[Biopython-dev] should we make a BLAT parser?
Brandon King
kingb at caltech.edu
Thu Jul 7 20:44:37 EDT 2005
FYI, I just looked at my code and realized I wrote a BLAT parser that
loads the data into simple objects. I don't know if that might be
useful? If your interested, I can tell you more about it.
-Brandon King
Yair Benita wrote:
> Since the only differences are in the header/footer and some spaces
> and numbers, it is essentially just like parsing a BLAST output.

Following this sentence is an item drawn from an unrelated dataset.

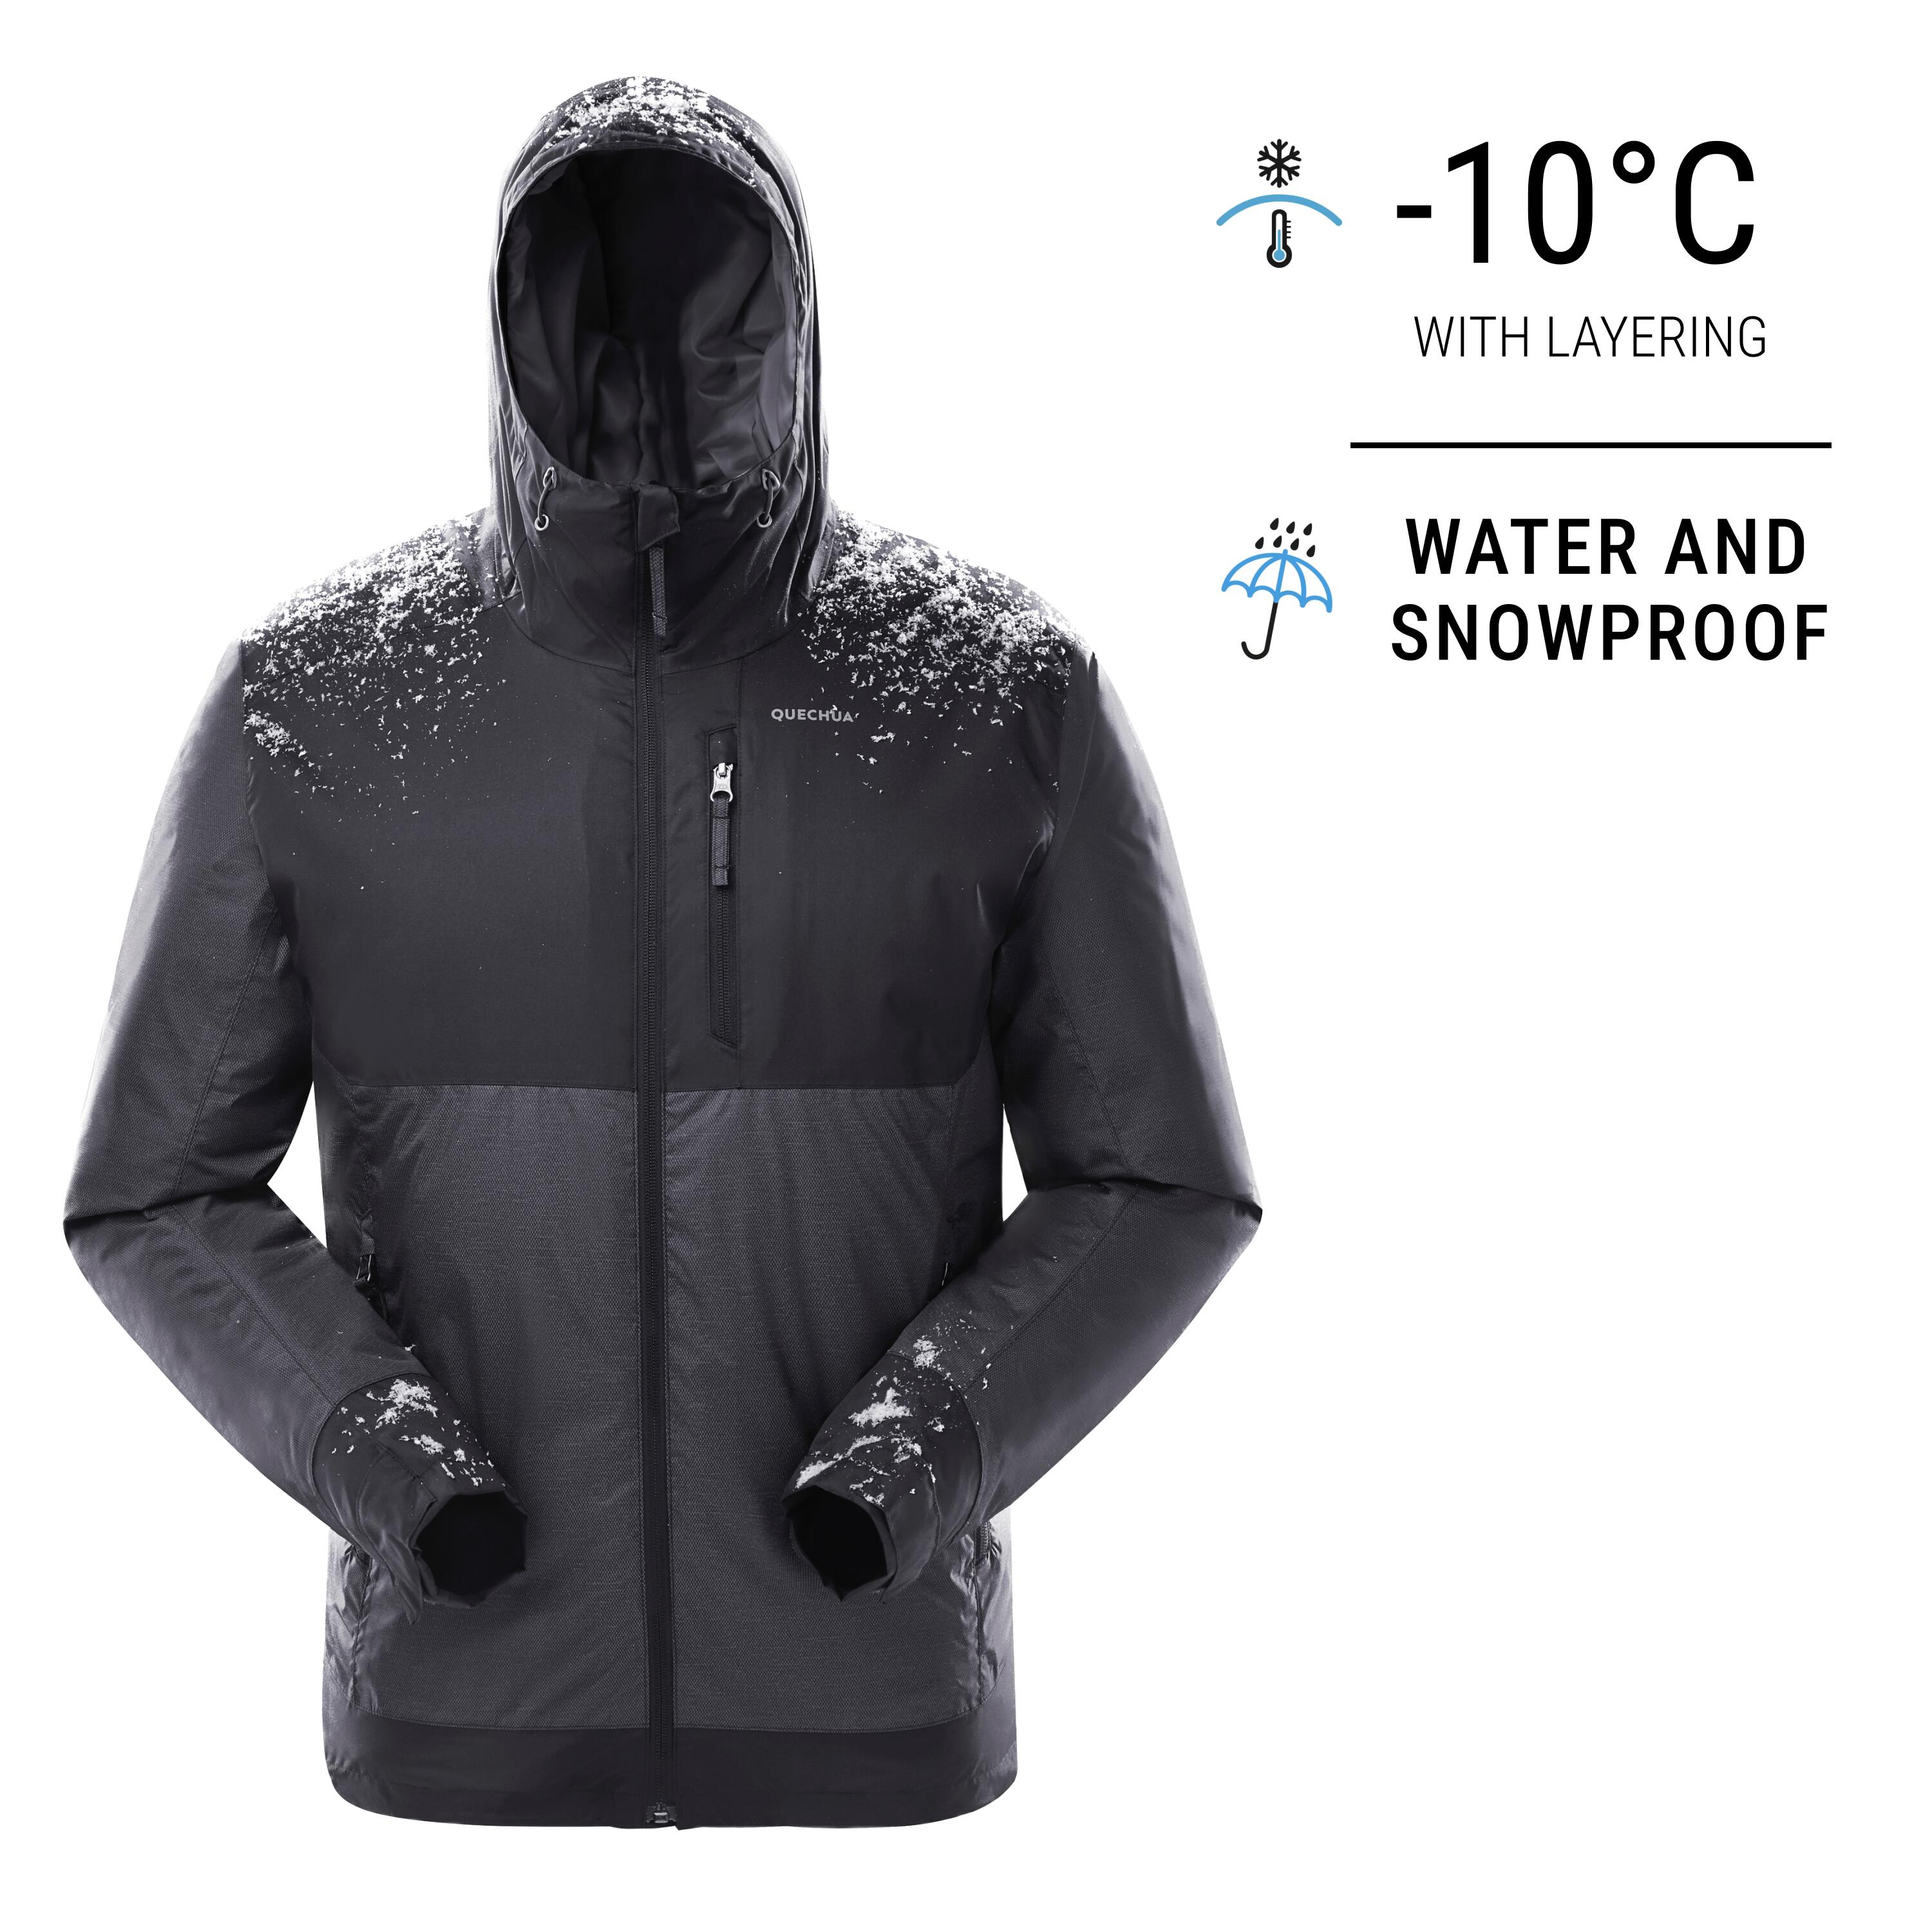 Men's hiking waterproof winter jacket - SH100 23°F | Winterjacken, Jacken,  Winter

> Tomorrow I will post all the changes needed. On my machine I just
> made a copy of the NCBIStandalone and modified it to fit the BLAT
> output but the correct way to do this is to modify the original
> NCBIStrandalone to handle all these outputs. The thing is I don't
> fully understand how this parser works (with all those uhandles,
> scanners, consumers, etc.), so I rather someone who does makes the
> changes in the CVS.
>
> Yair
>
> On Jul 7, 2005, at 20:30, Brandon King wrote:
>
>> Hi Yair,
>> I'm new to the developers list, but I do think it would be a great
>> idea to create a BLAT parser based on the NCBIStandalone module. I have
>> to do about a million BLATs soon. I have code for processing many BLAST
>> results from the NCBIStandalone, but I don't have anything nearly as
>> good for BLAT. Being able to use the same analysis code for BLAST/BLAT
>> would be great (assuming the change your talking about will return
>> result objects the same way that you can with the NCBIStandalone
>> module?).
>>
>> -Brandon King
>>
>> Yair Benita wrote:
>>
>>
>>> I noticed a while ago that someone asked for a BLAT parser.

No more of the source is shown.